Architecture Design of H.264/AVC Decoder with
Hybrid Task Pipelining for High Definition Videos
To-Wei Chen, Yu-Wen Huang, Tung-Chien Chen, Yu-Han Chen, Chuan-Yung Tsai and Liang-Gee Chen
DSP/IC Design Lab, Graduate Institute of Electronics Engineering and Department of Electrical Engineering National Taiwan University, Taipei, Taiwan; Email: towei@video.ee.ntu.edu.tw
Abstract— The most critical issue of an H.264/AVC decoder is the system architecture design with balanced pipelining schedules and proper degrees of parallelism. In this paper, a hybrid task pipelining scheme is first presented to greatly reduce the internal memory size and bandwidth. Block-level, macroblock-level, and macroblock/frame-level pipelining schedules are ar-ranged for CAVLD/IQ/IT/INTRA PRED, INTER PRED, and DEBLOCK, respectively. Appropriate degrees of parallelism for each pipeline task are also proposed. Moreover, efficient modules are contributed. The CAVLD unit smoothly decodes bitstream into symbols without bubble cycles. The INTER PRED unit highly exploits the data reuse between interpolation windows of neighboring blocks to save 60% of external memory bandwidth. DEBLOCK unit doubles the processing capability of our pre-vious work with only 35.3% of logic gate count overhead. The proposed baseline profile decoder architecture can support up to
2048×1024 30fps videos with 217K logic gates, 10KB SRAMs,
and 528.9MB/s bus bandwidth when operating at 120MHz.
I. INTRODUCTION
ISO/IEC Moving Picture Experts Group (MPEG) and ITU-T Video Coding Experts Group (VCEG) formed a Joint Video Team (JVT) to develop the latest video coding standard, H.264/AVC [1]. It can save 25%–45% and 50%–75% of bitrates when compared with MPEG-4 ASP and MPEG-2, respectively. The bitrate saving in baseline profile comes from the new features including multi-frame and variable-block-size (VBS) inter prediction, intra prediction, context-based adaptive variable length decoding (CAVLD), and deblock filter. However, an H.264/AVC decoder requires two times computational power of an MPEG-4 decoder, and four times of an MPEG-2 decoder. Therefore, hardware acceleration for H.264/AVC decoding is a must.
In this paper, there are four critical issues to be addressed. First, the decoding procedures of H.264/AVC are significantly more complex than those in previous standards, making the conventional macroblock (MB) pipelining very inefficient. Second, the context formation of CAVLD is highly depen-dent of prior symbols, bringing tough challenges to parallel processing. Third, the inter prediction with VBS and quarter-pel precision is extrememly hungry for off-chip memory band-width, leading to the system throughput bottleneck. Fourth, the 2-D deblock filter fetches and processes each pixel for many times, requiring a huge amount of on-chip memory bandwidth and a high degree of computing parallelism.

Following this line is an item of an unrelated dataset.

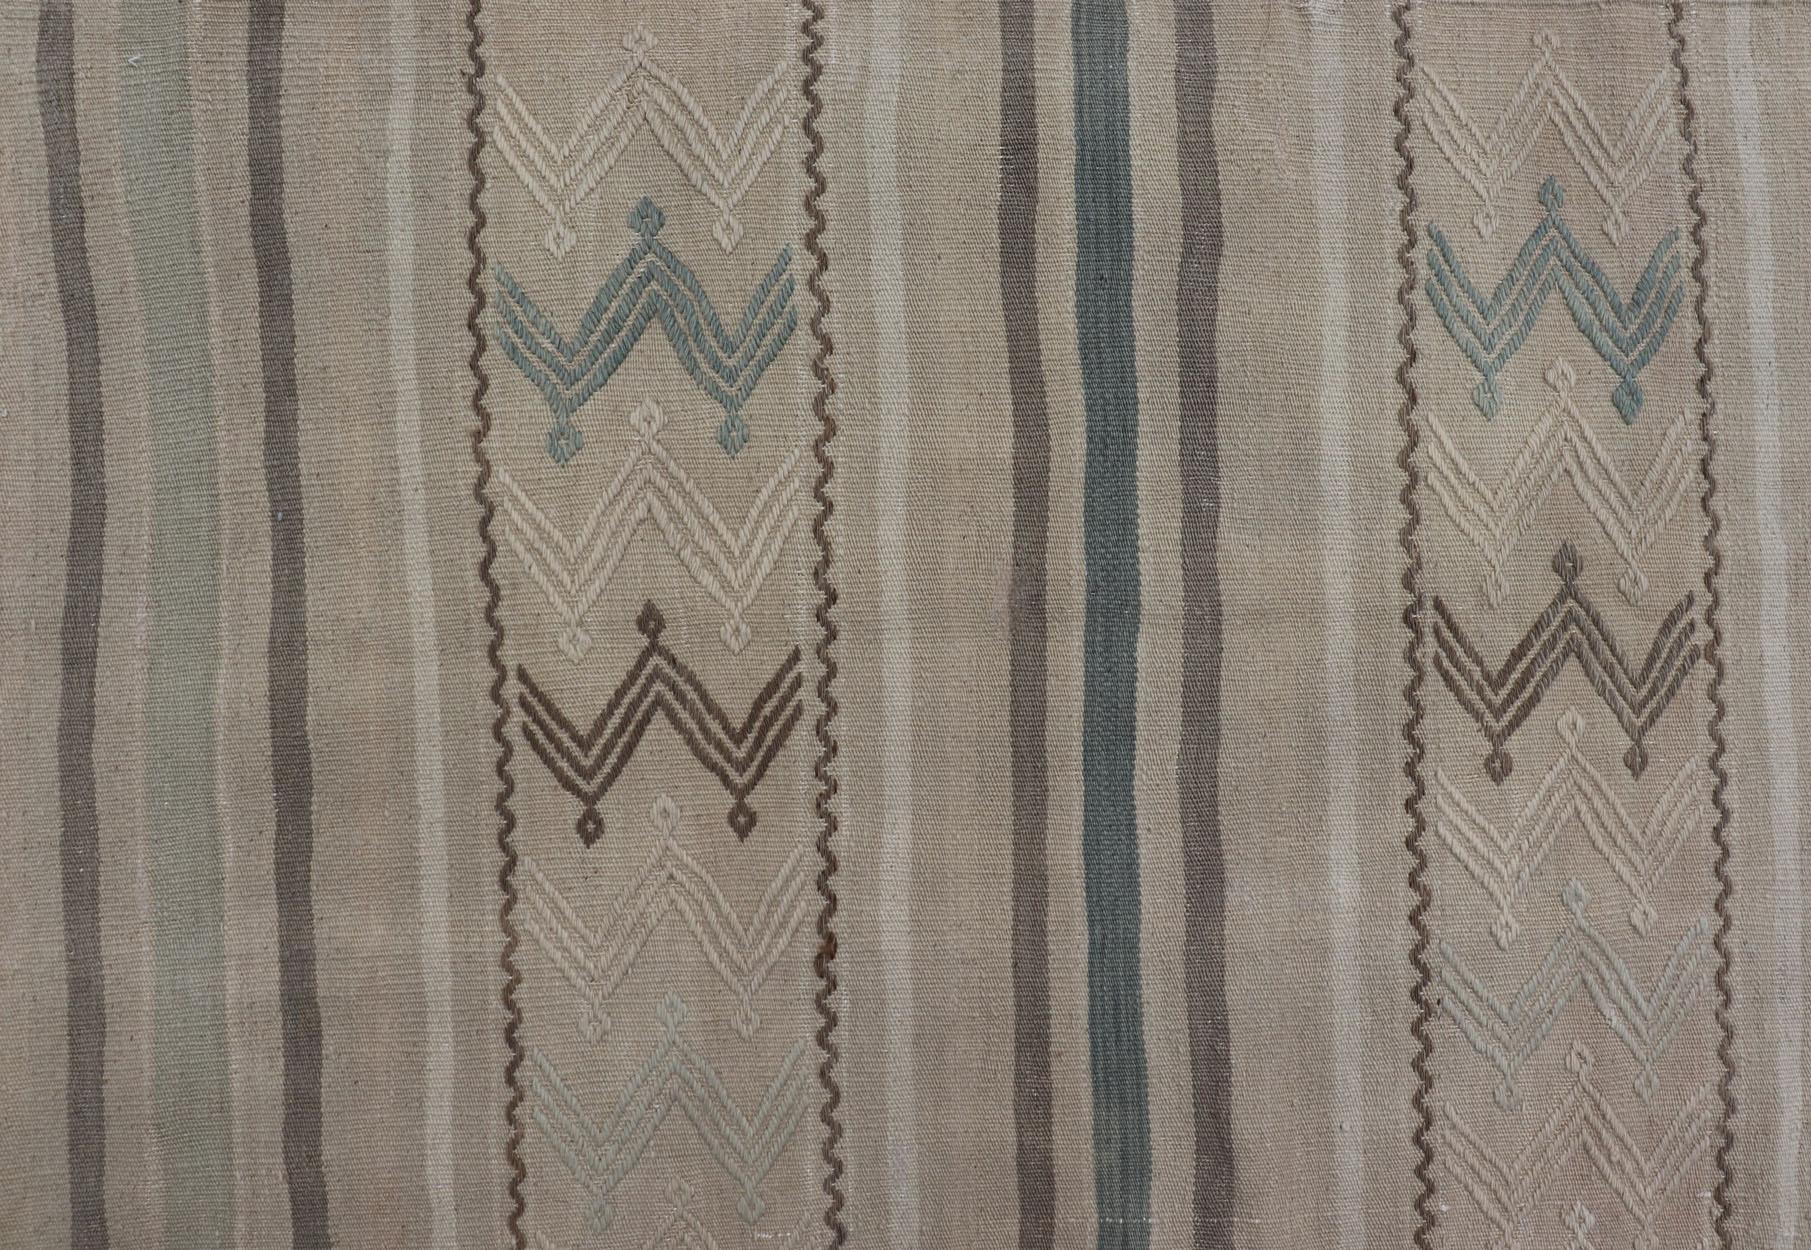 Vintage Turkish Flat-Weave Muted Colored Kilim in Taupe, Brown and Light Blue In Good Condition For Sale In Atlanta, GA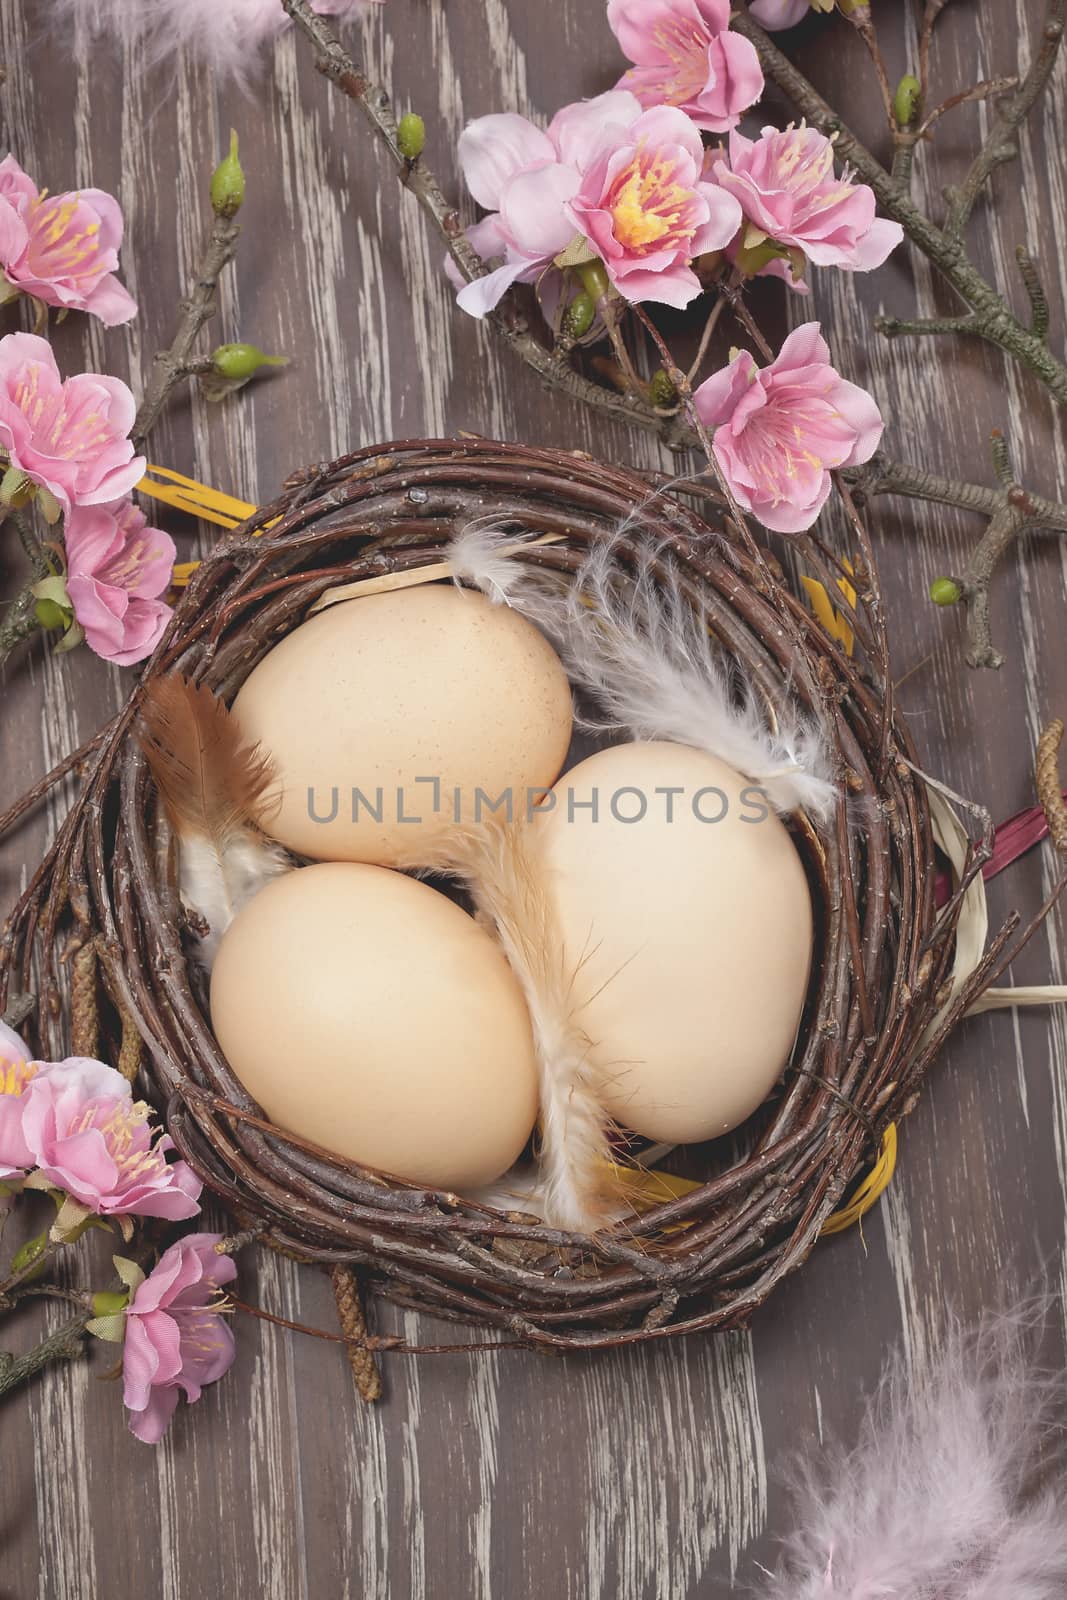 Eggs in a spring blossom nest by Slast20

The rest of this paper is organized as follows. In Section II, a hybrid task pipelining scheme is presented to reduce the internal memory size and to highly reuse the external
memory data. Besides, the degrees of parallelism are analyzed. Section III describes three important modules in H.264/AVC decoders. Implementation results are shown in Section IV. Finally, Section V gives a conclusion.
II. SYSTEMARCHITECTURE
A. Hybrid Task Pipelining Architecture
The overall system architecture is shown in Fig. 1. Accord-ing to our software/hardware partition scheme, the sequence parameter set (SPS), picutre parameter set (PPS), and slice headers are parsed by RISC because their symbol rates are very low. The MB-level information including MB headers and prediction residues are decoded by the PARSER Engine. The predicted pixels are generated by the INTER PRED or INTRA PRED Engine according to the MB type. The residues are generated by the IQ/IT Engine. The MB is reconstructed by SUM AND CLIPPING module. Finally, DEBLOCK Engine filters MB pixels and outputs them to the external memory. The buffers between the processing engines are required to separate pipelining stages. In summary, the system architecture is based on a hybrid task pipelining scheme including 4×4-block-level pipelining, MB-level pipelining, and frame-level pipelining. Previous designs of video decoders are usually based on MB pipeline scheme [2]. In H.264, 4×4-block is the smallest element of the prediction block type. The transforms and entropy coding are also based on 4×4-blocks. Based on these characteristics, a 4×4-block pipelining scheme for CAVLD, inverse quantization/inverse transformation (IQ/IT), and intra prediction (INTRA PRED) is proposed with the benefit of less coding latency. It requires only1/24 of buffer size when compared to the traditional MB pipeline architecture.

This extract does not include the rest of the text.